Am 15. Januar 2019 wurde bekannt, dass das Bundesamt für Verfassungsschutz (BfV) die AfD als sogenannten Prüffall einstufte. Seitdem wirft er ein Auge auf verschiedene Landesverbände und Organisationen der „Alternative für Deutschland“, so auch den „Flügel“, den er im März 2020 als „gesichert rechtsextremistisch“ bezeichnete. Folgende Landesverbände werden vom Verfassungsschutz beobachtet:

Als der Verfassungsschutz die gesamte Partei als Verdachtsfall einstufte, klagte die AfD gegen diese Beobachtung und erwirkte im März 2021 vor dem Verfassungsgericht Köln das vorläufige Ende der Beobachtung als Verdachtsfall. Bis die Anträge der Partei geprüft wären, dürfe das Bundesverfassungsgericht bei der AfD nicht von einem „Verdachtsfall“ sprechen und die Partei nicht weiter beobachten.

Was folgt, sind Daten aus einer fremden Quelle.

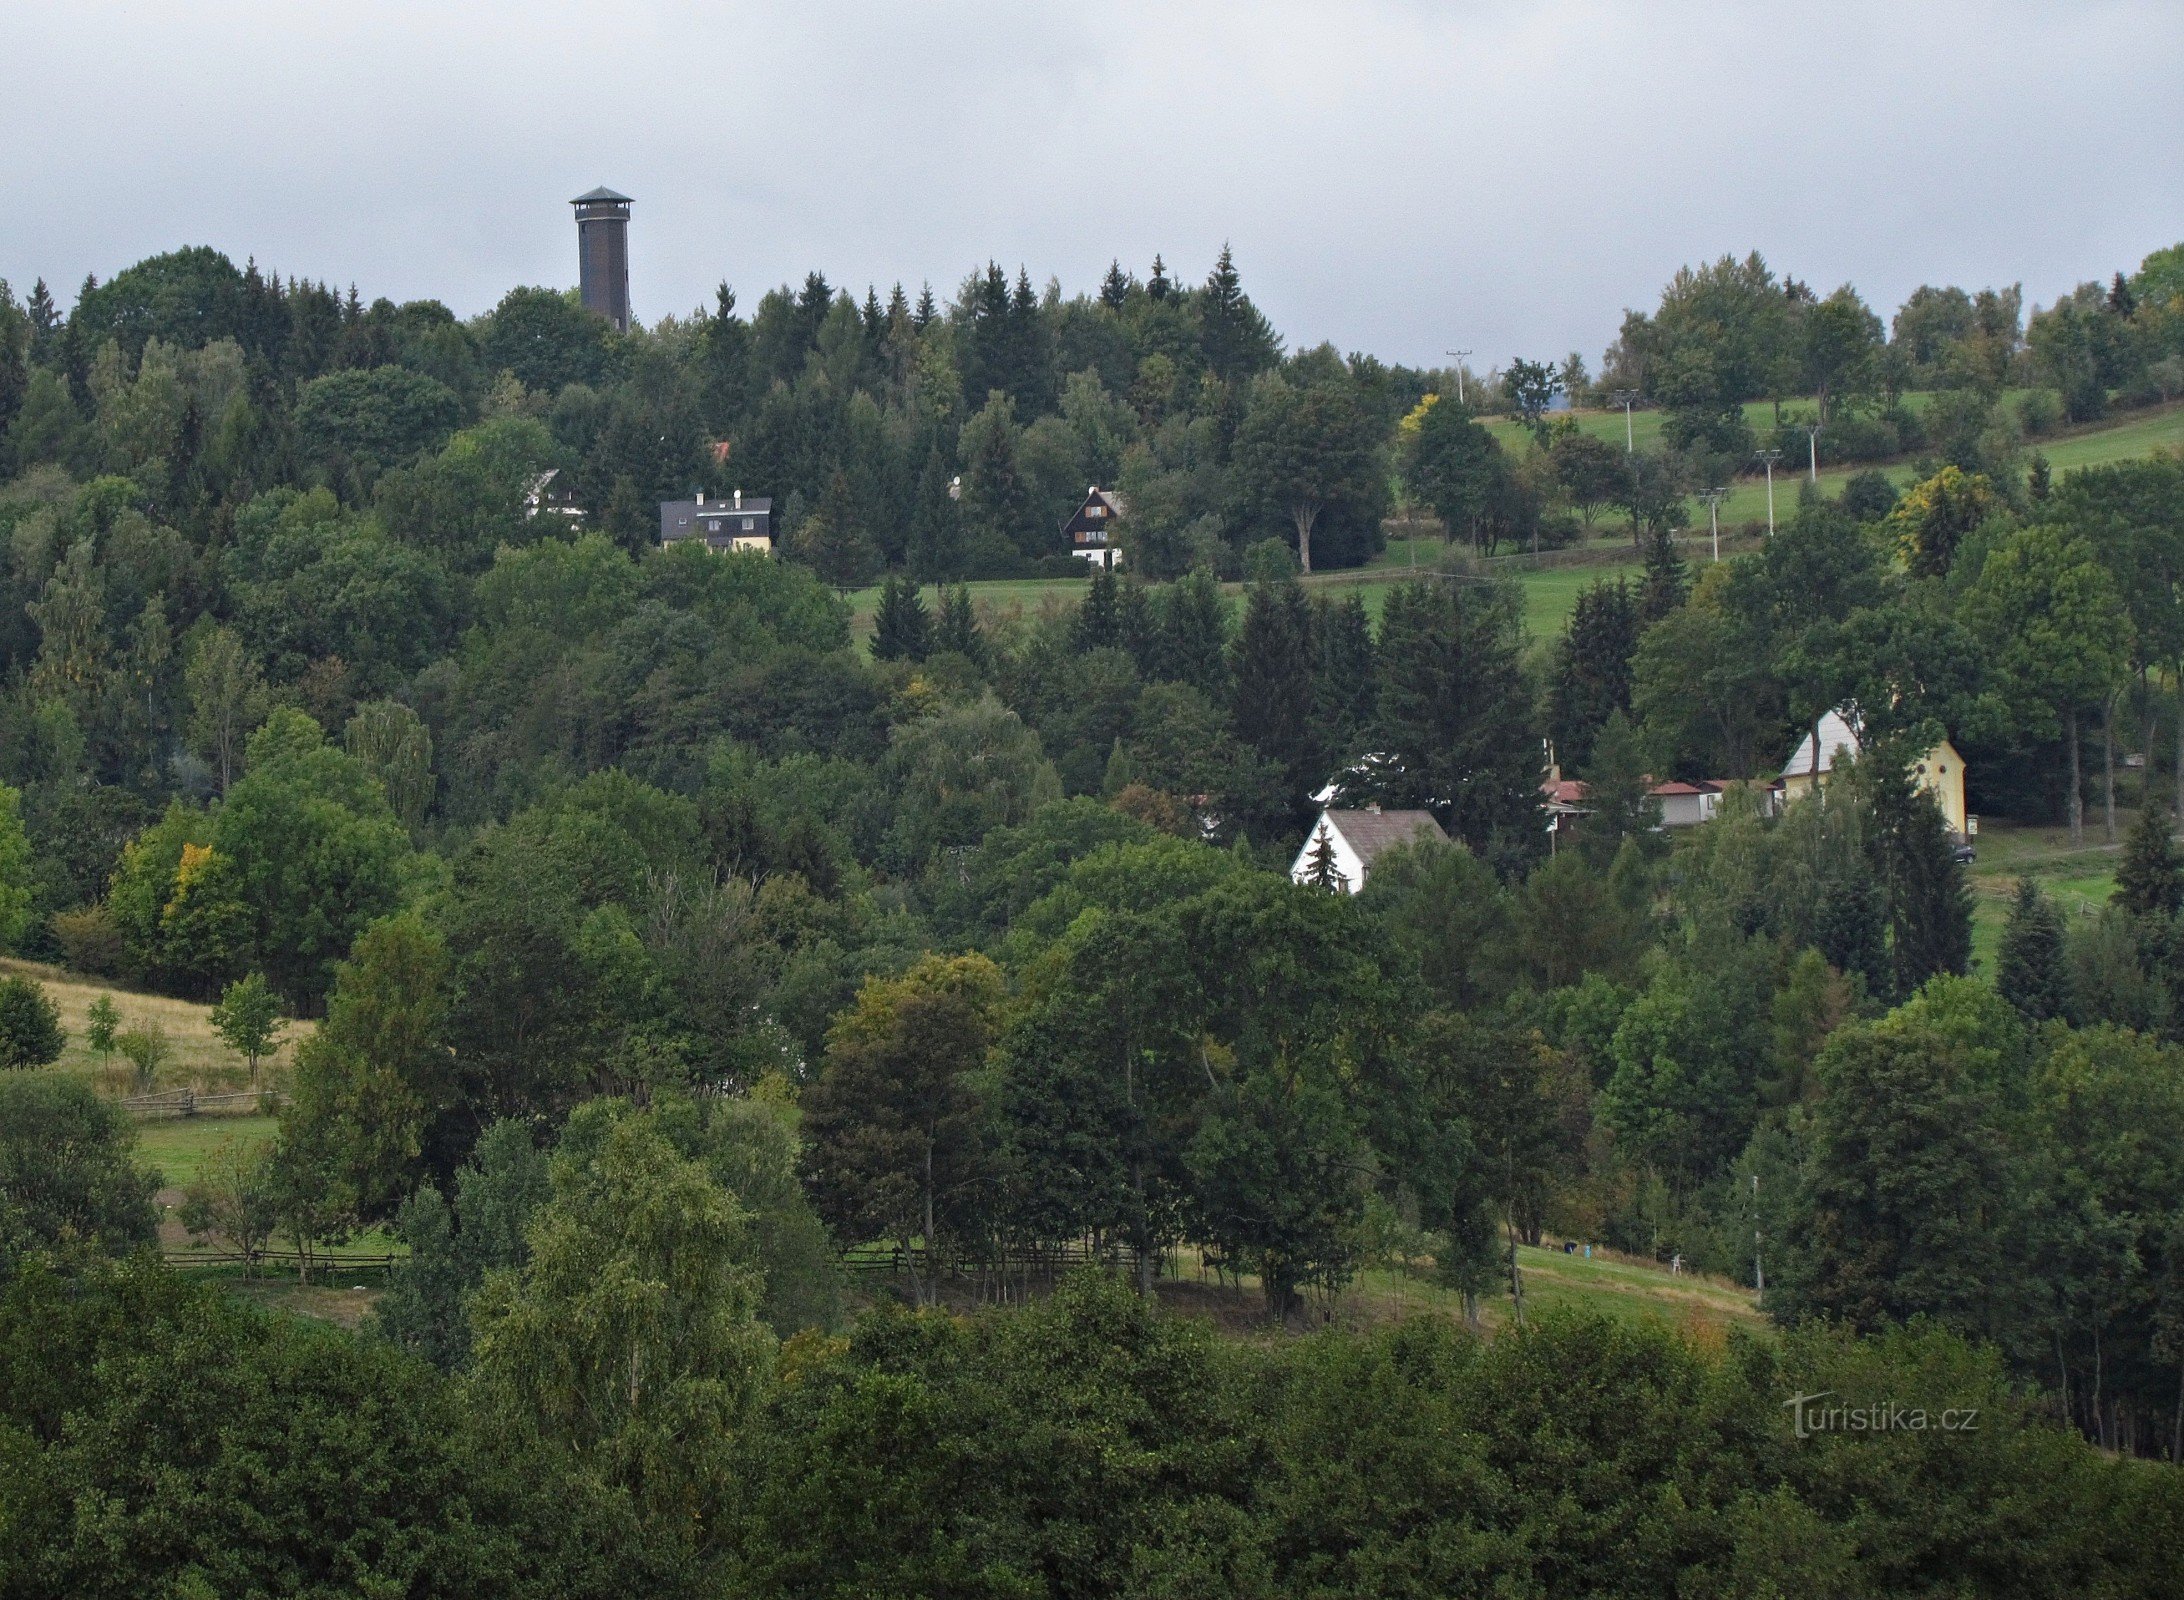 Nová Ves - περιοχή του πύργου και εξοχικής κατοικίας Na Vyhlídke
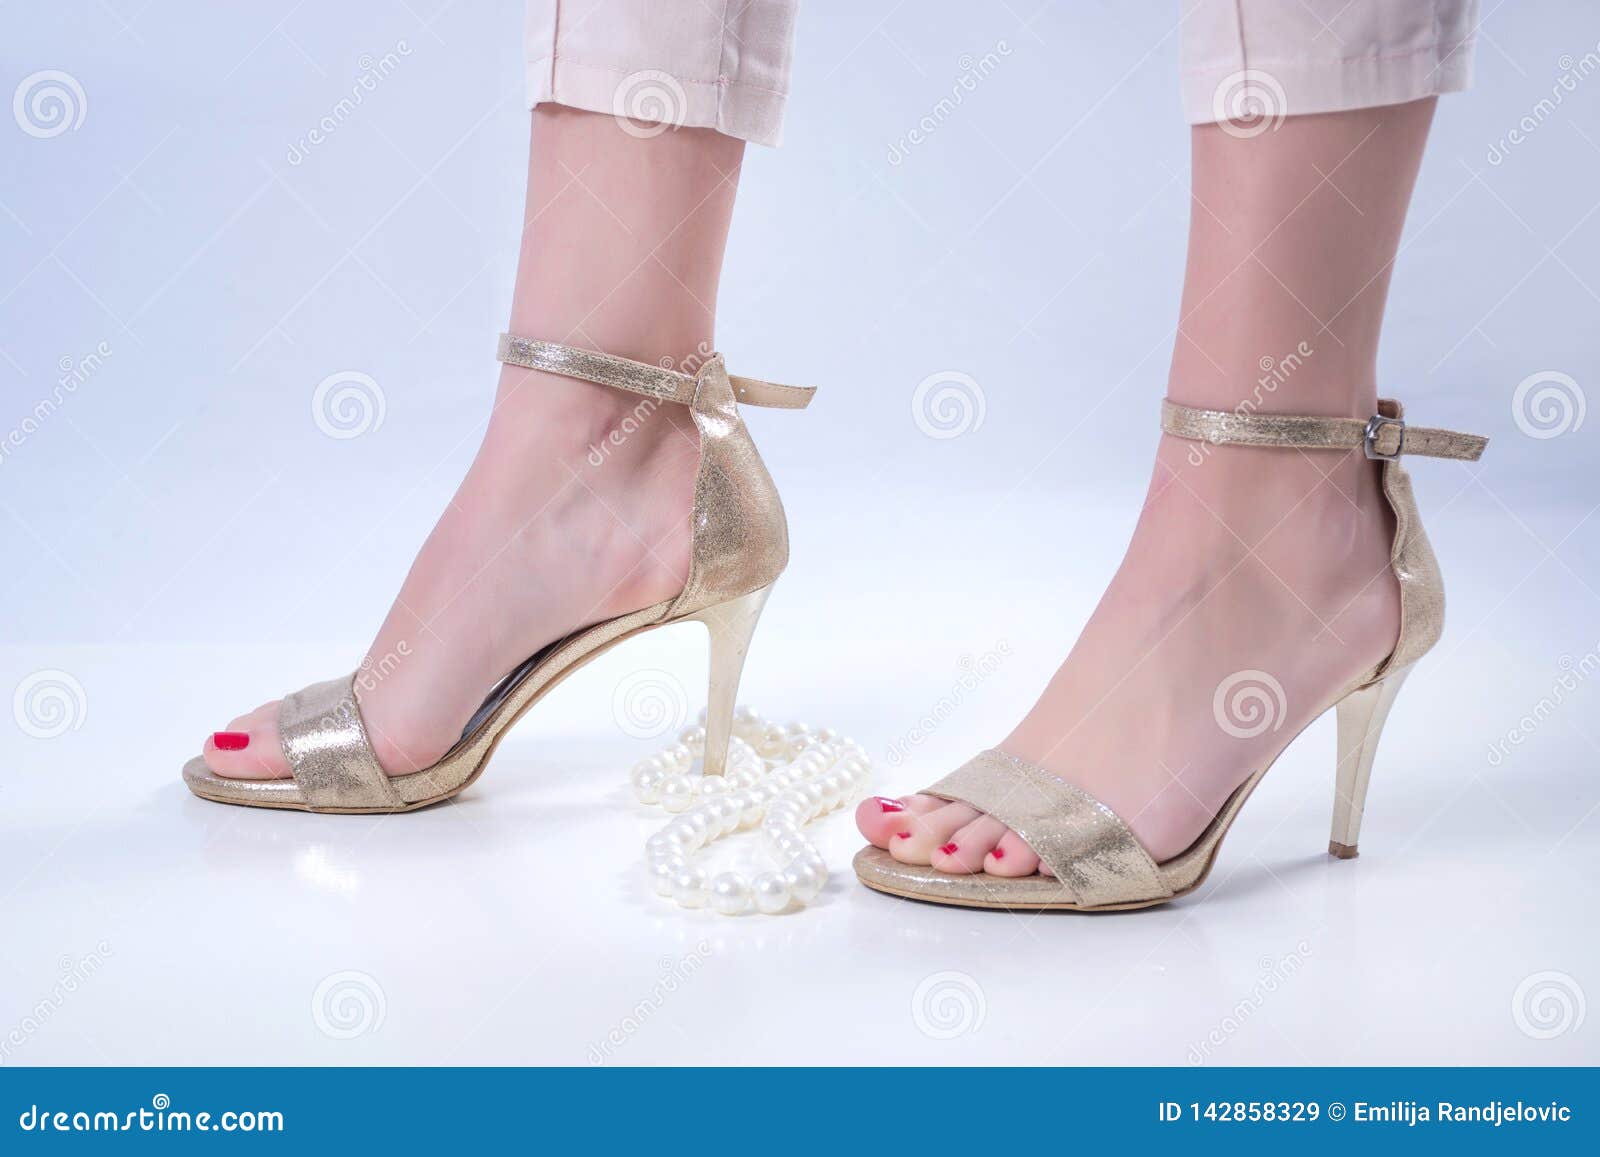 Feet in heels pictures

Im März 2022 änderte sich die Situation, als das Verfassungsgericht Köln entschied: Die Gesamtpartei „Alternative für Deutschland“ darf vom Verfassungsschutz nun mit nachrichtendienstlichen Mitteln (Telefone abhören, V-Leute einsetzen, Mails mitlesen) beobachtet werden. Die Entscheidung ist eine absolute Neuheit in der deutschen Parteiengeschichte und dürfte die Mitgliederzahl der AfD in den kommenden Jahren und Monaten noch weiter sinken lassen.

Warum ist die AfD im Osten so stark?

Diese Frage stellt sich vor allem dann, wenn man die beobachteten Landesverbände der AfD sieht. Sie alle liegen in Ostdeutschland. Gleichzeitig ist die AfD in den neuen Bundesländern mit rund 19 Prozent mehr als doppelt so viel Sitzen in den Landtagen vertreten. Im Osten wählen die „Alternative für Deutschland“ mehr Menschen als im Westen. Aber wieso ist die „Alternative für Deutschland“ in Brandenburg, Mecklenburg-Vorpommern, Sachsen, Thüringen und Sachsen-Anhalt so stark?

Es ist nicht leicht, diese Frage zu beantworten. Aber: Viele Politikwissenschaftler:innen vermuten, es liegt vor allem daran, dass sich die ostdeutschen Bundesländer seit der Wiedervereinigung vom Westen abgehängt fühlen. Eine Partei wie die AfD verspricht eine Alternative, eine Auflehnung gegen die Bundesregierung, die vor allem Menschen im Osten immer noch mit der BRD vor 1989 verknüpfen.

Mit ihren Versprechen zur Erneuerung des Rechtsstaates und Wahlversprechen, die „deutsche Staatsbürger:innen“ in den Mittelpunkt stellen, trifft die Partei vor allem bei den Wähler:innen genau den richtigen Nerv, die sich von der Politik bisher nicht miteinbezogen fühlen.